С тех пор мы снова были отцом и дочерью, или папой и маленькой девочкой. Мы съели, выпили и снова засмеялись, он снова обнял меня, не чувствуя отвратительной хрупкости голодного человека, который на самом деле не обнимает его, он мог гордиться мной не только за мои академические успехи, но и за мои жизнь. Теперь мы никогда больше не будем делиться этим, но, по крайней мере, у нас были эти несколько лет, чтобы он был счастлив, пока он жил, и чтобы подсластить мои воспоминания, теперь он умер.

Emily and Tom Troscianko

Отец и дочь празднуют

Я думаю, иногда и с ужасом, как это было бы, если бы он умер четыре года назад, или если бы я не сделал это сложное, но очень простое решение три с половиной года назад. Мой разум уклоняется от боли в течение жизни, которую я бы чувствовал тогда: жгучее сожаление, агония, зная, что он умер, думая, что я потерял его, умер, думая, что он потерпел неудачу, как отец, умер, обеспокоенный и опечаленный и испуганный как он был так долго.

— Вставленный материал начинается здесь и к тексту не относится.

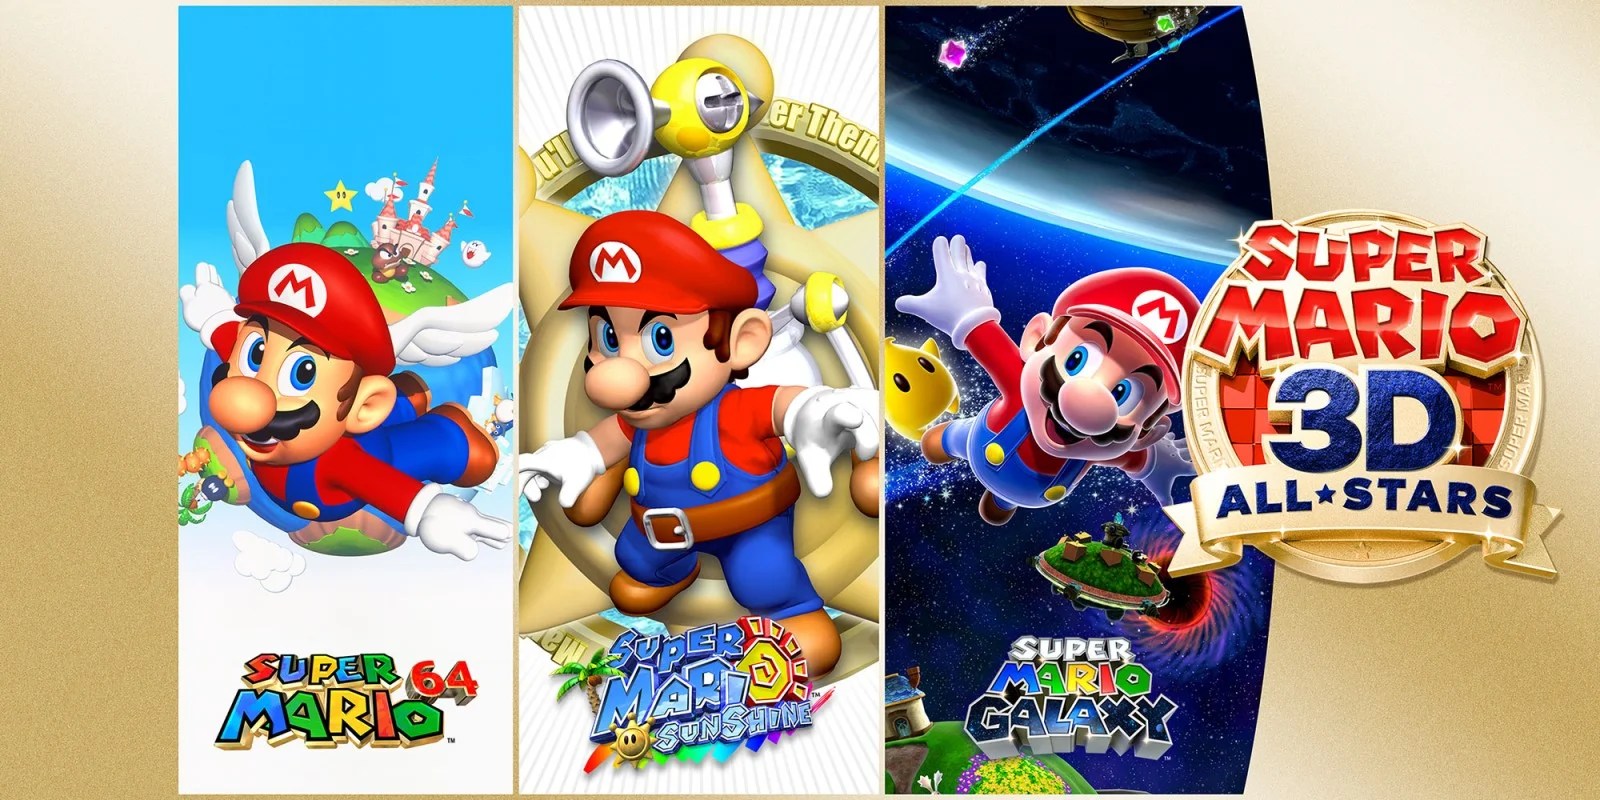 «Лучшие игры всех времен возвращаются»: критики высоко оценили Super Mario 3D All-Stars - фото 1

Вместо этого он умер, зная, что я люблю его и люблю меня; он умер уверен в том, что я никогда не вернусь, потому что я полностью осознал полную пустоту всех обещаний анорексии; он умер совершенно уверен, что он был хорошим отцом и что его дочь снова была здоровой в теле и разуме.

Я пишу это так, чтобы те из вас, кто читал это и кто еще болен, могли подумать о том, насколько хрупкая жизнь – не только ваша, но и жизнь в тех, кто вас любит, даже в тех, кто привел вас в мир. Так легко предположить, что каждый человек в мире постоянно вносит изменения, но сердце может затормозить за несколько секунд, а потом уже слишком поздно, и осталось только сожаление. Я благодарю Вселенную и все, что позволило мне вернуться к жизни до смерти моего отца.